:: Supplied information ::
^^^^^^^^

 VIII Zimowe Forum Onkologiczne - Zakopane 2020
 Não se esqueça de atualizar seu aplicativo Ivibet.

^^^^^^^^

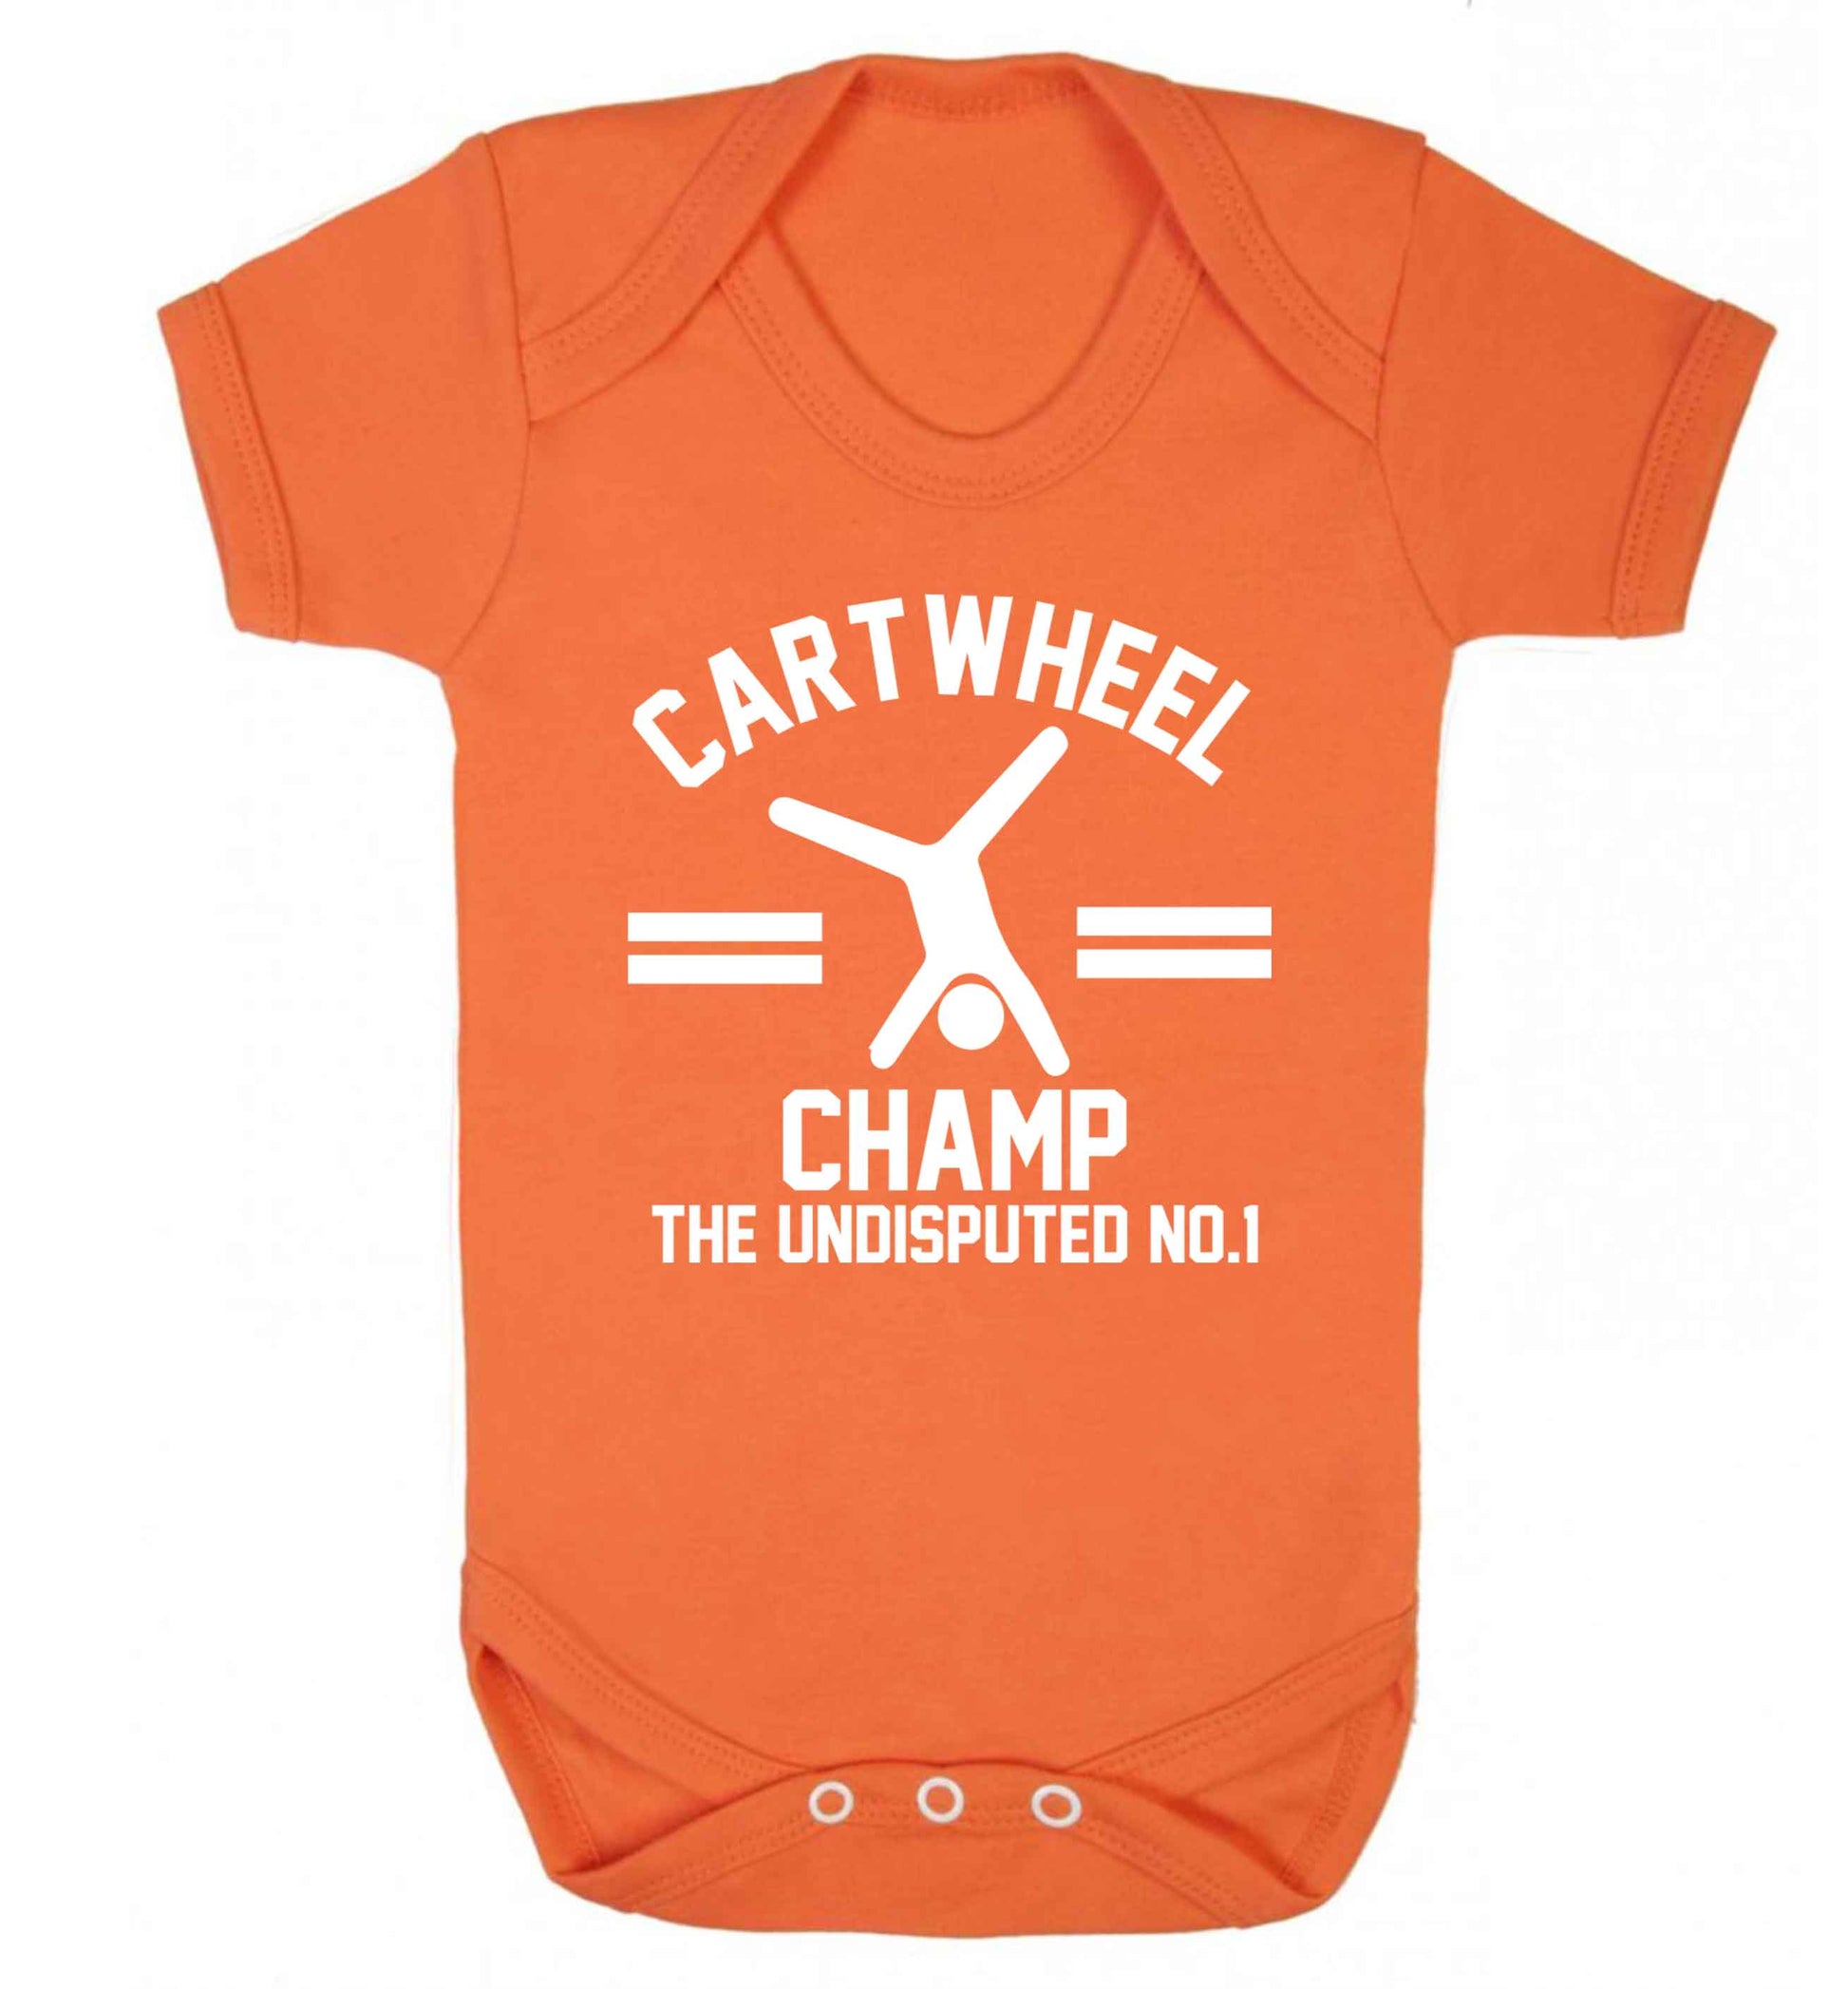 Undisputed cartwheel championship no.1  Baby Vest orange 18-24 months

^^^^^^^^

In the entries above, find the line holding "VIII Zimowe Forum" and the line holding "Não se esqueça", then retype exactly those two lines and every line between them, and nothing else.

:: Expected answer ::
 VIII Zimowe Forum Onkologiczne - Zakopane 2020
 Não se esqueça de atualizar seu aplicativo Ivibet.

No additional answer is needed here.